Build a machine learning model to determine the variety of the wine being reviewed based on the review text. Create an API to deploy that model.

## Data

We will be using the wine magazine dataset at https://www.kaggle.com/zynicide/wine-reviews which is provided by Kaggle user zackthoutt.

winemag-data-130k-v2.csv contains 10 columns and 130k rows of wine reviews.

## Acknowledgements

The data was scraped from WineEnthusiast during the week of November 22nd, 2017.

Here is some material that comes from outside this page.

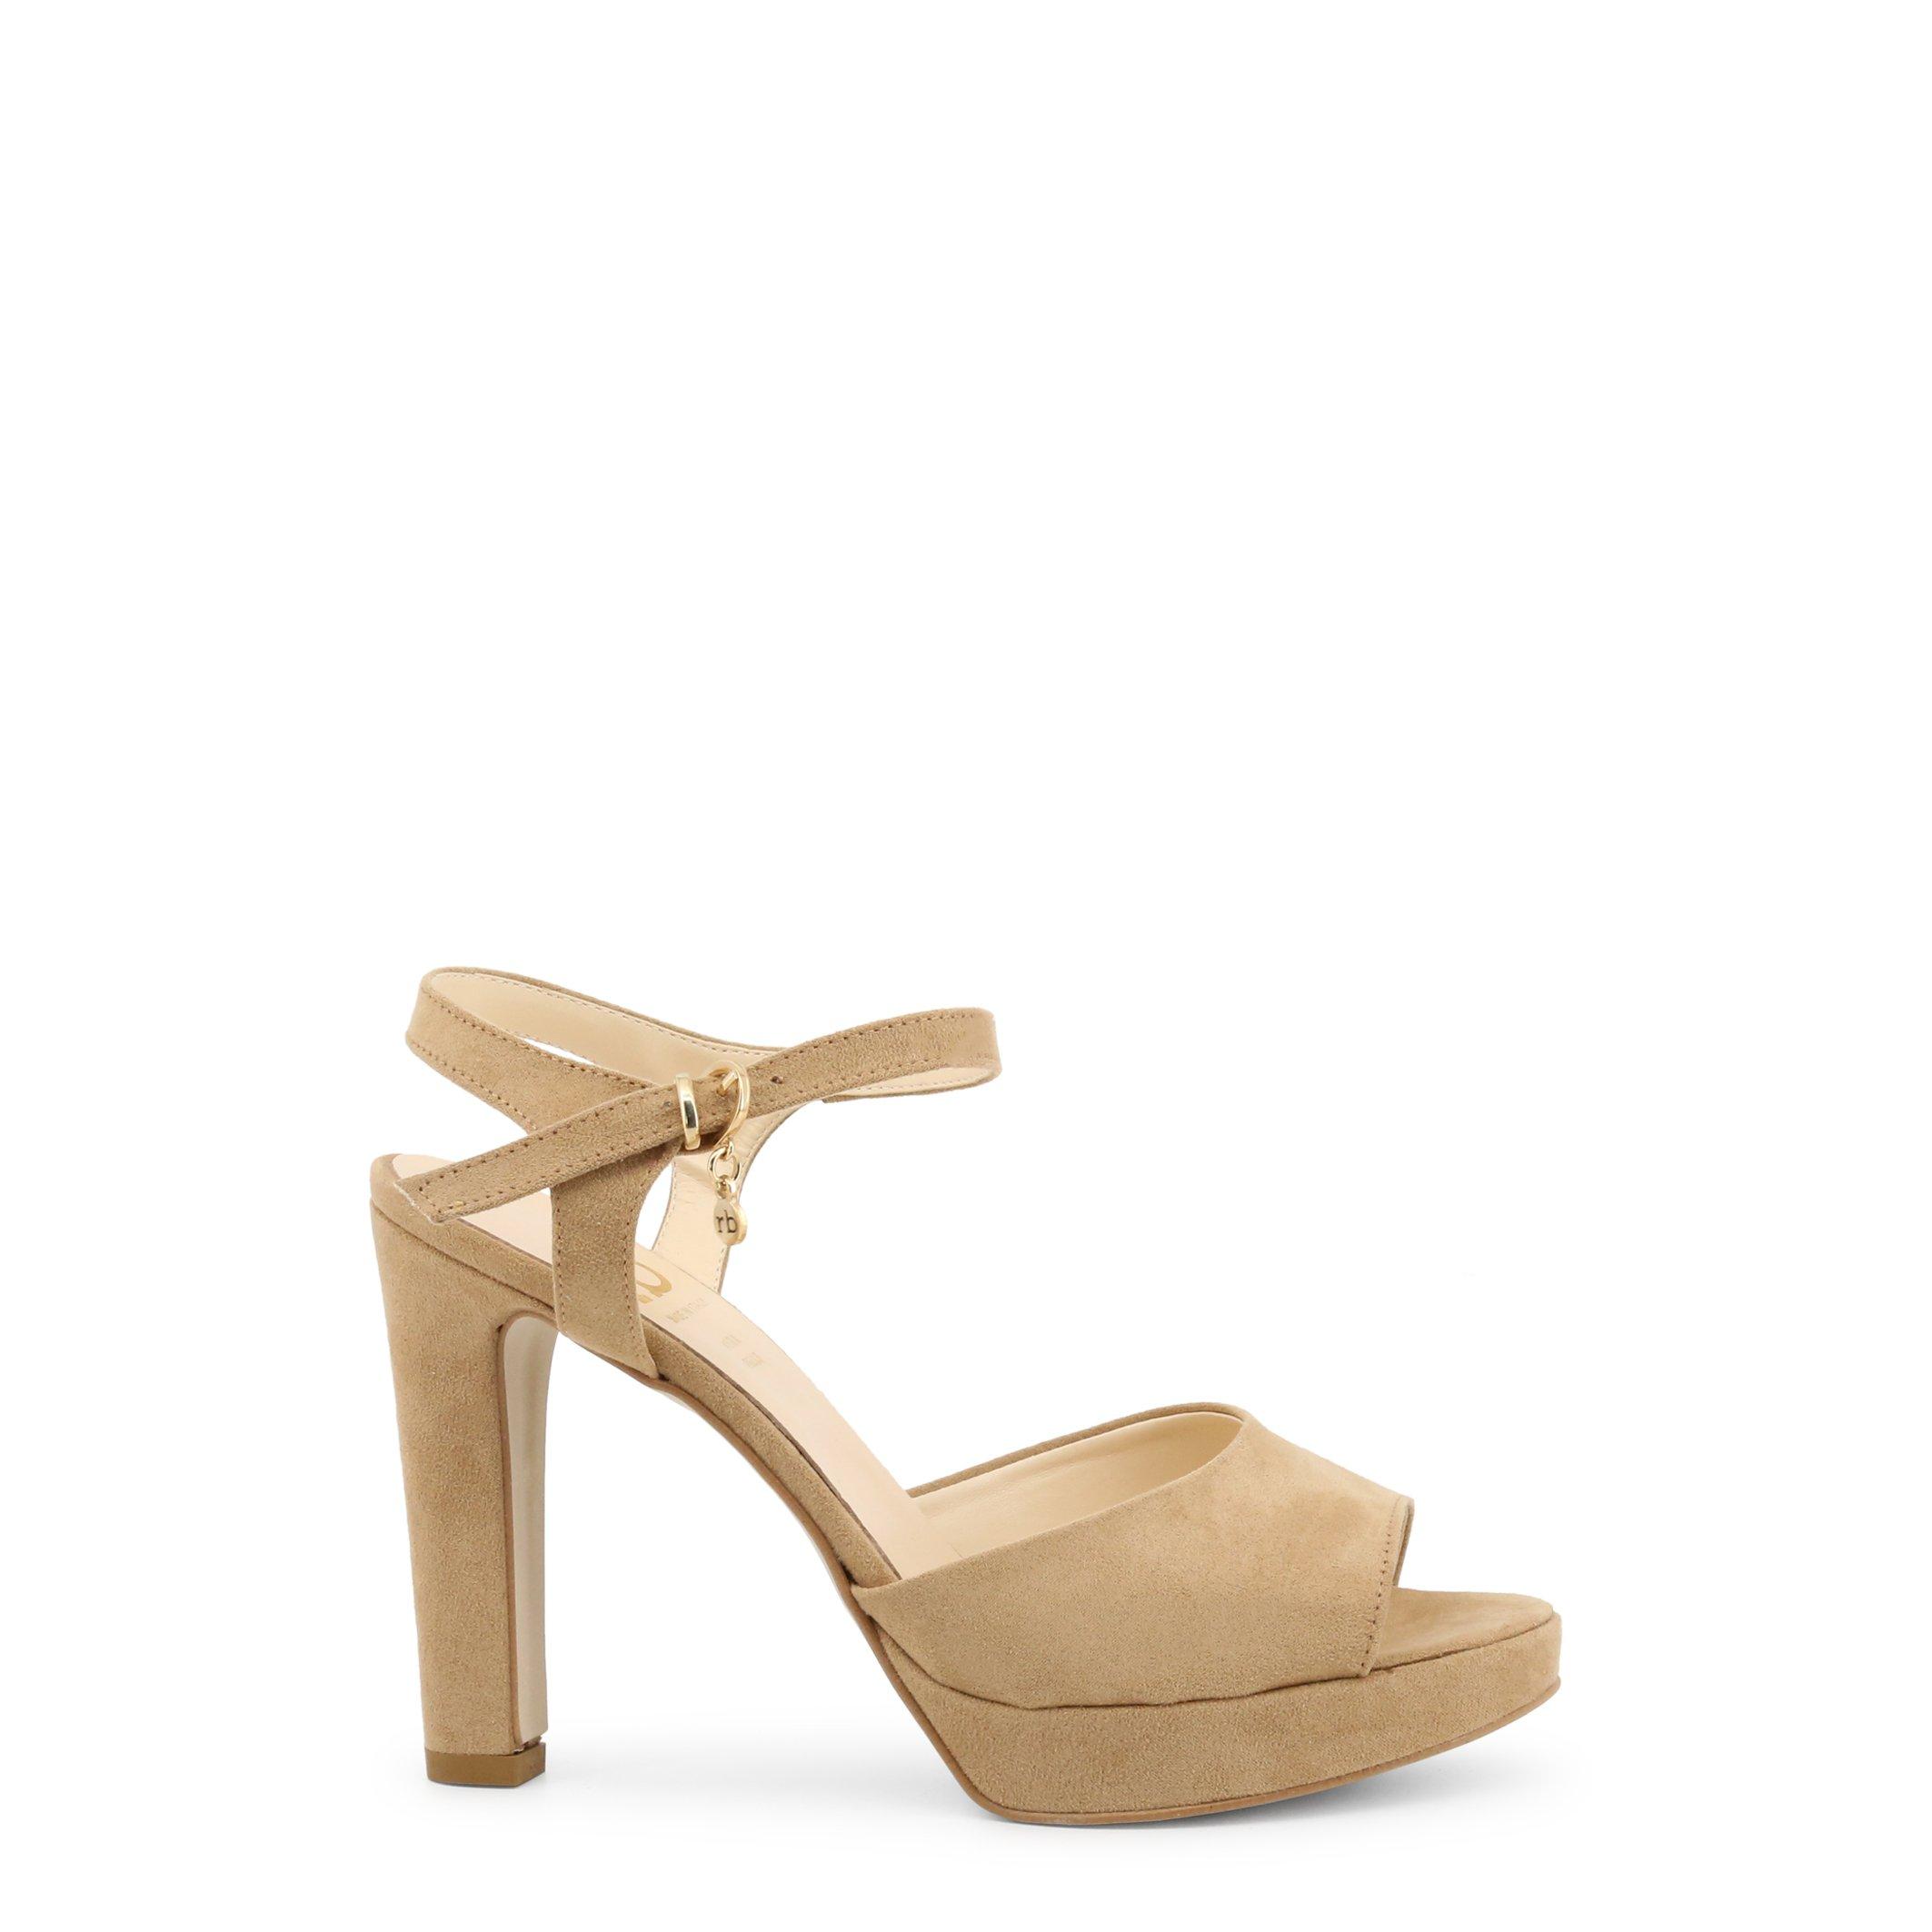 Roccobarocco Women's Sandal Various Colours RBSC05V11 - brown EU 39

## Import Necessary Libraries

In [1]:
import numpy as np
from sklearn.naive_bayes import MultinomialNB
from sklearn.feature_extraction.text import CountVectorizer
import pandas as pd
from collections import Counter
from sklearn.model_selection import train_test_split
from sklearn.feature_extraction.text import TfidfTransformer

## Read Data

In [2]:

wine = pd.read_csv('../Data/winemag-data-130k-v2.csv',index_col=0)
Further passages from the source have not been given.